De rechtbank begrijpt dat [gedaagde] een beroep doet op de tenzij-bepaling van artikel 3:70 BW:
‘tenzij de wederpartij weet of behoort te begrijpen dat een toereikende volmacht ontbreekt’. Dat begrijpt de rechtbank uit het verweer van [gedaagde] dat het op de weg van [eiseres] had gelegen om goed onderzoek te doen naar diegene met wie zij zaken doet en over welke bevoegdheden [gedaagde] beschikte. Met name vanwege de omvang van de transactie had het volgens [gedaagde] op de weg van [eiseres] gelegen om een schriftelijke volmacht te verlangen. Ter zitting heeft [eiseres] voldoende gemotiveerd weersproken dat zij wist of behoorde te begrijpen dat een toereikende volmacht ontbrak. [eiseres] heeft toegelicht dat het in haar branche niet gebruikelijk is dat specifiek om schriftelijke volmachten wordt gevraagd. [eiseres] had ook geen aanwijzingen waardoor zij wist of had behoren te begrijpen dat een toereikende volmacht ontbrak. Daar komt bij dat [gedaagde] zich presenteerde met zijn functie bij [bedrijfsnaam 2] en een kopie van het identiteitsbewijs van de heer [naam 2] en een organogram van [bedrijfsnaam 1] heeft overgelegd aan [eiseres] . Bij deze stand van zaken had het op de weg van [gedaagde] gelegen om zijn verweer nader te onderbouwen. Dat heeft [gedaagde] niet gedaan, zodat het niet slaagt.
Tussenconclusie
5.7.
Het voorgaande leidt ertoe dat [gedaagde] op grond van artikel 3:70 BW als (pseudo)gevolmachtigde jegens [eiseres] heeft in te staan voor het bestaan en de omvang van de volmacht.
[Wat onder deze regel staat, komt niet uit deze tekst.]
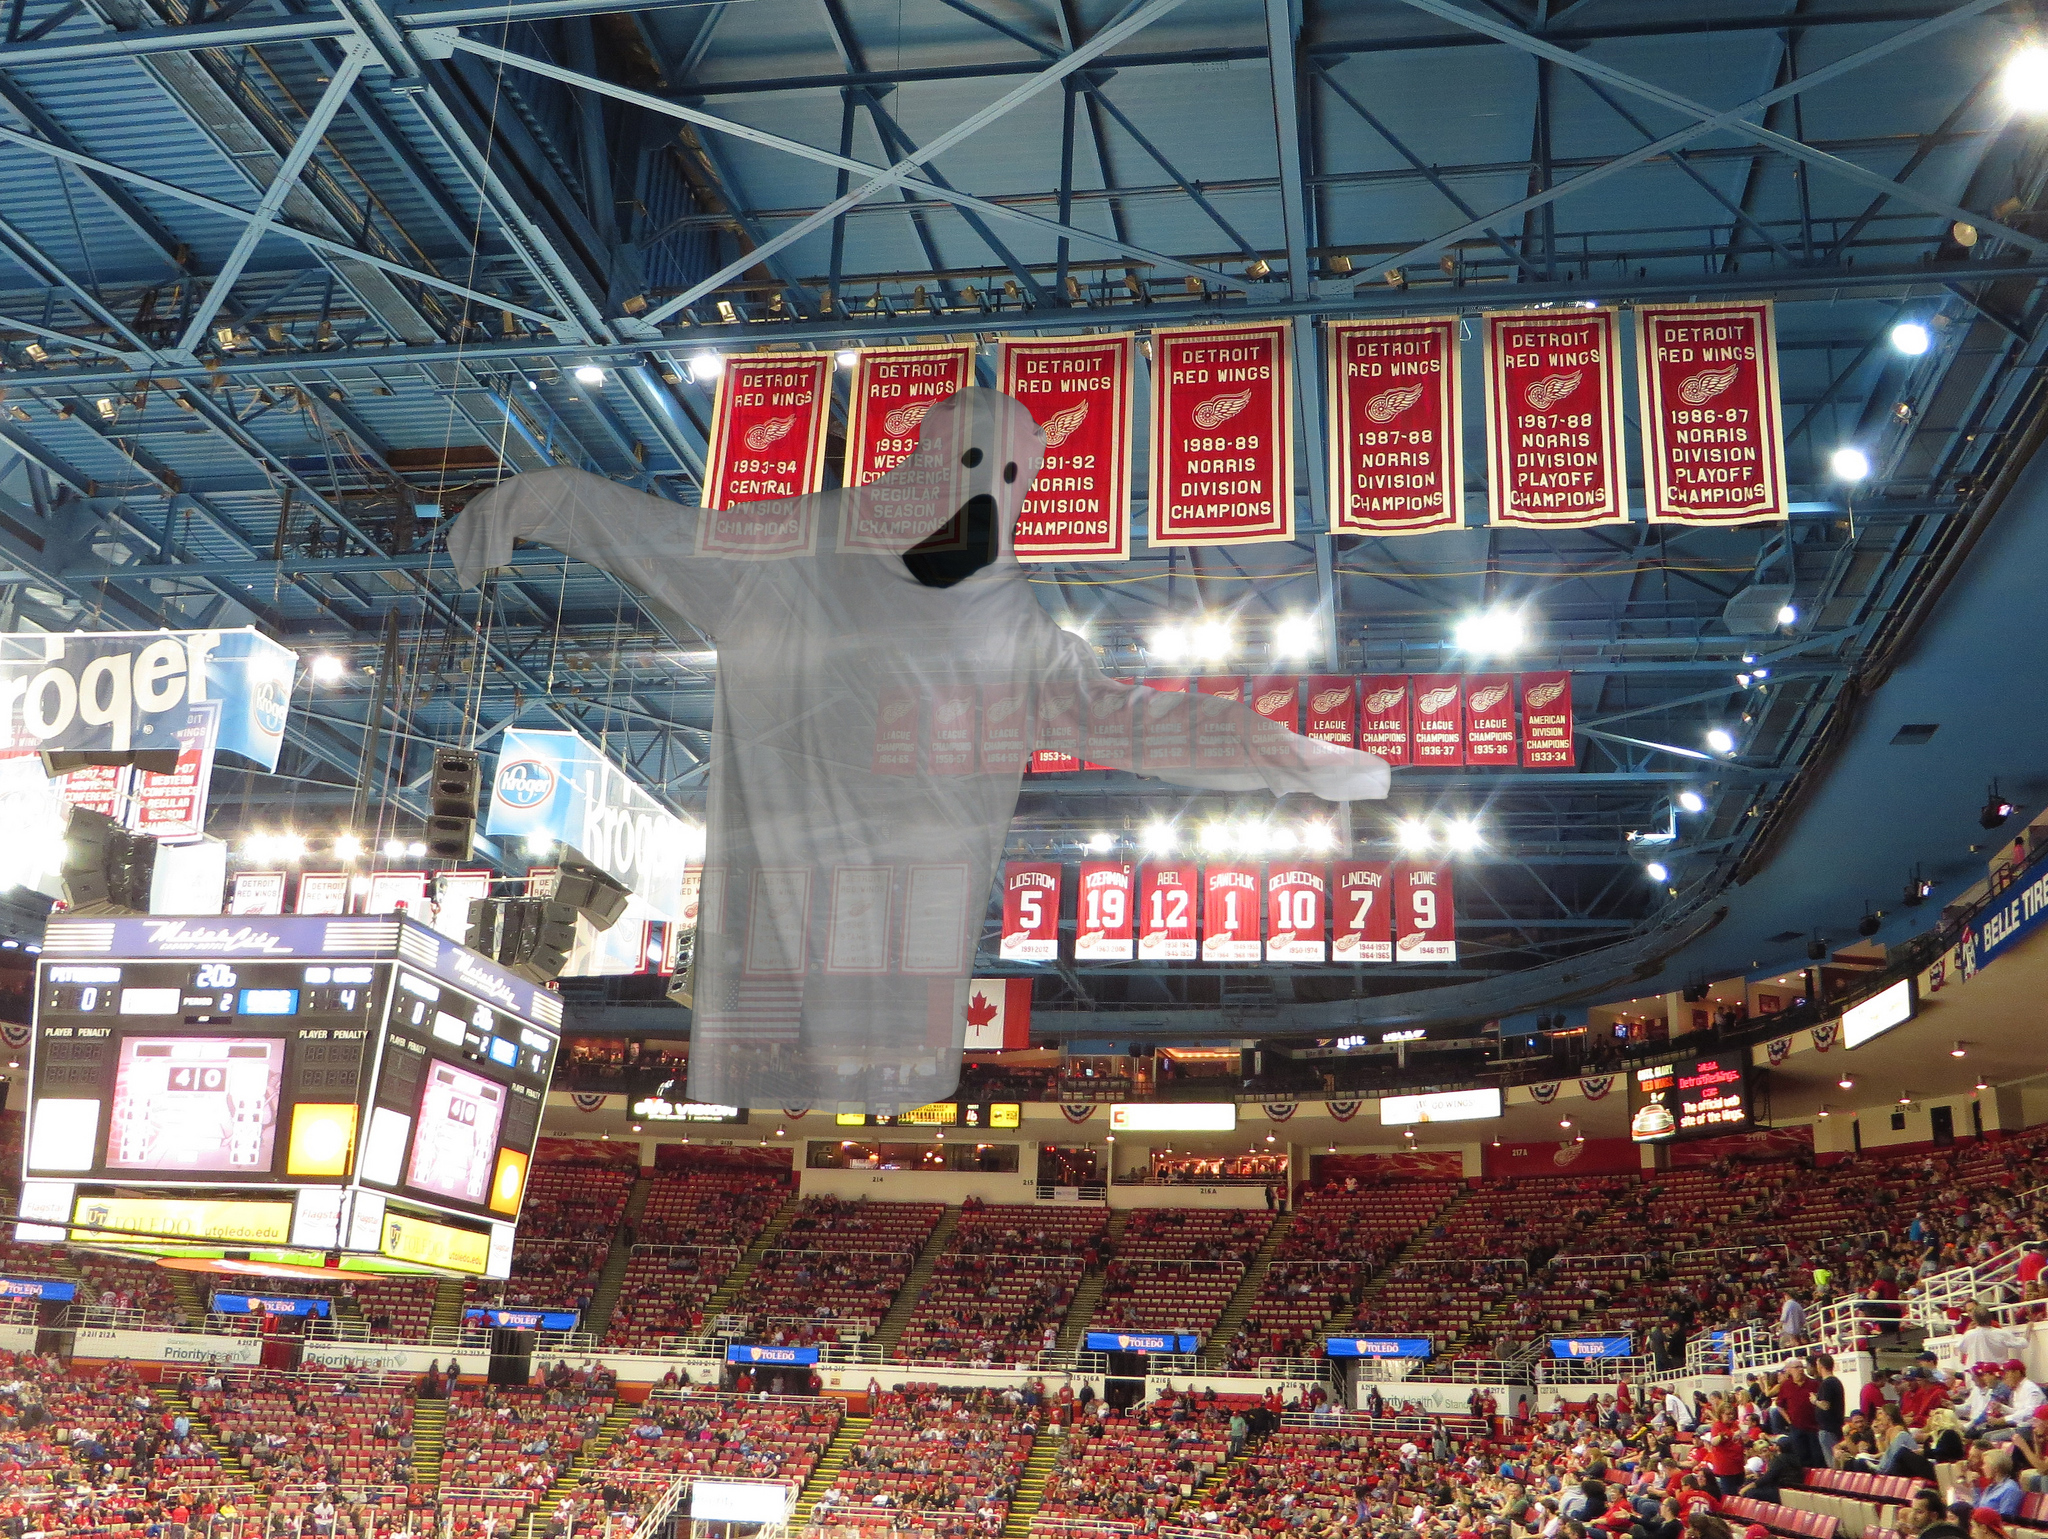 The ghost of Joe Louis Arena happy he won't have to put up with
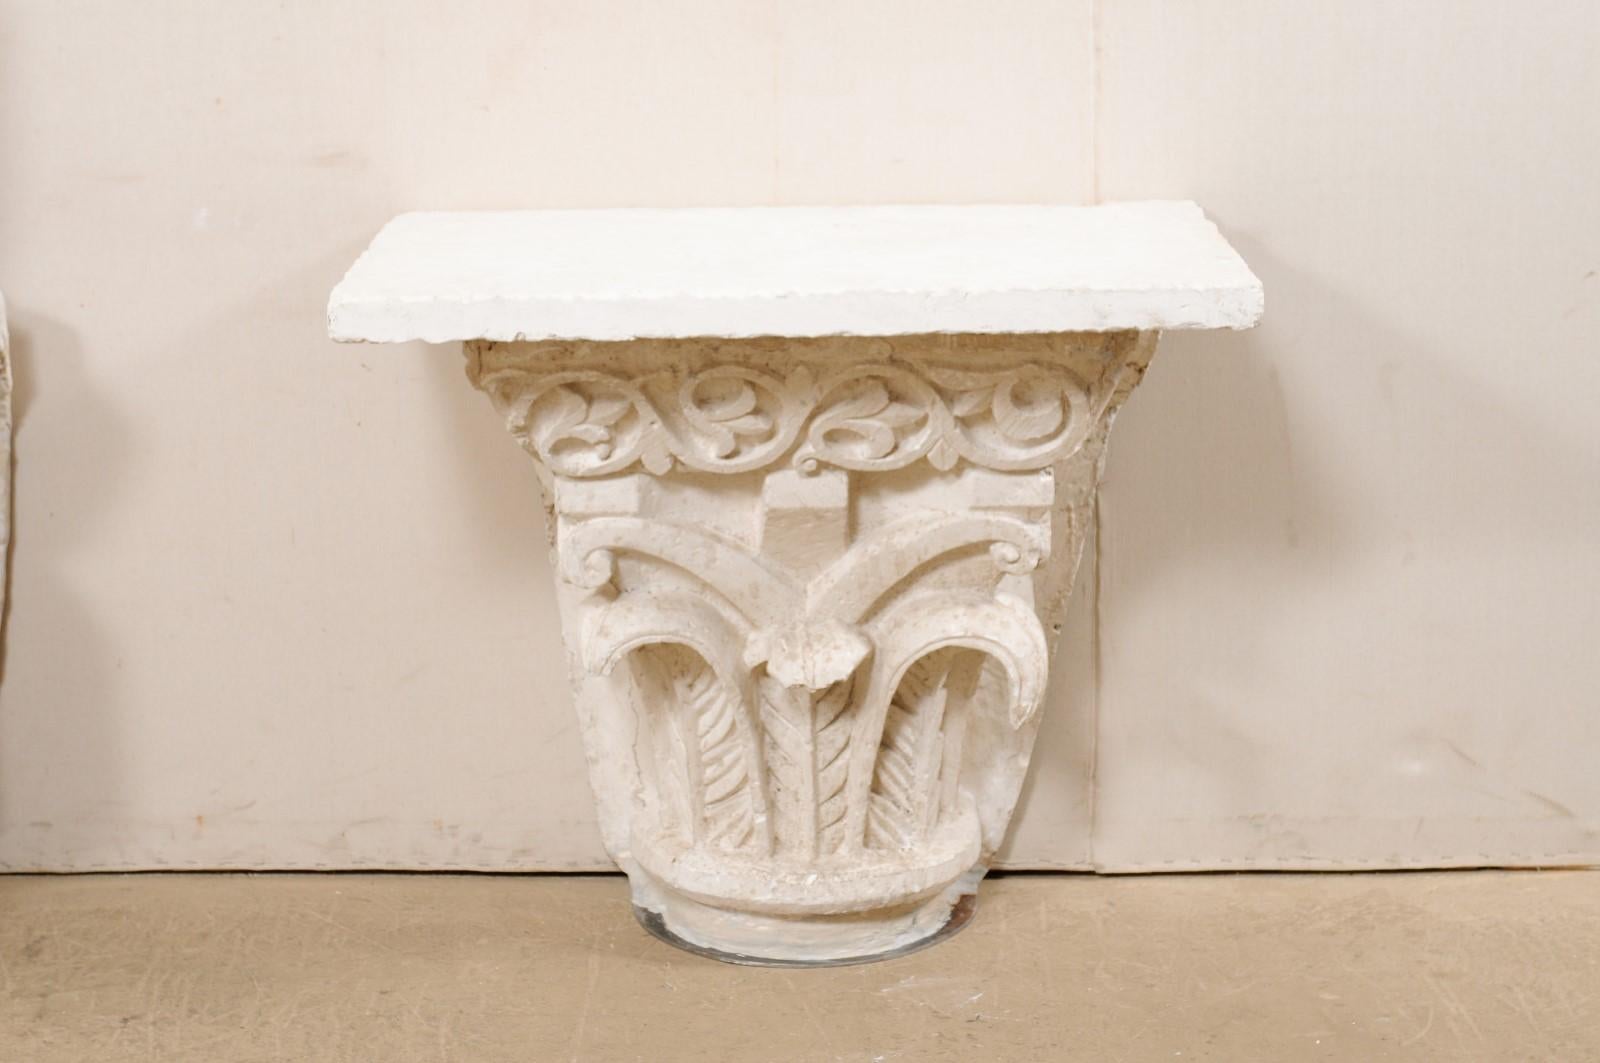 A Spanish console table from the early 20th century with newer fossilized coral top. This beautiful, custom console table has been fashioned from an antique base from Spain, consisting of a unique and architecturally inspired, scrolling leaf design

Heeft [eiseres] daardoor schade geleden?
5.8.
Vervolgens rijst de vraag of [eiseres] daardoor schade heeft geleden. [eiseres] stelt schade te hebben geleden door het handelen van [gedaagde] als pseudogevolmachtigde. Ze had het uit te lenen bedrag van € 2.000.000 in de tussentijd namelijk gereserveerd en kon dat bedrag dus niet uitlenen aan een andere partij. [eiseres] spreekt [gedaagde] als pseudogevolmachtigde aan tot vergoeding van het positieve contractsbelang. Dit betekent dat [eiseres] in de positie gebracht wil worden waarin zij zou hebben verkeerd als [gedaagde] wel bevoegd was geweest en er een overeenkomst tussen [eiseres] en [bedrijfsnaam 1] tot stand zou zijn gekomen. In dat geval zou [eiseres] de volgende bedragen hebben ontvangen:
  • € 53.333 aan misgelopen rente over het geleende bedrag van € 2.000.000 van 29 november 2024 tot 1 maart 2025;
  • € 10.000 aan misgelopen afsluitprovisie op grond van artikel 2.1.3 van de geldleningsovereenkomst.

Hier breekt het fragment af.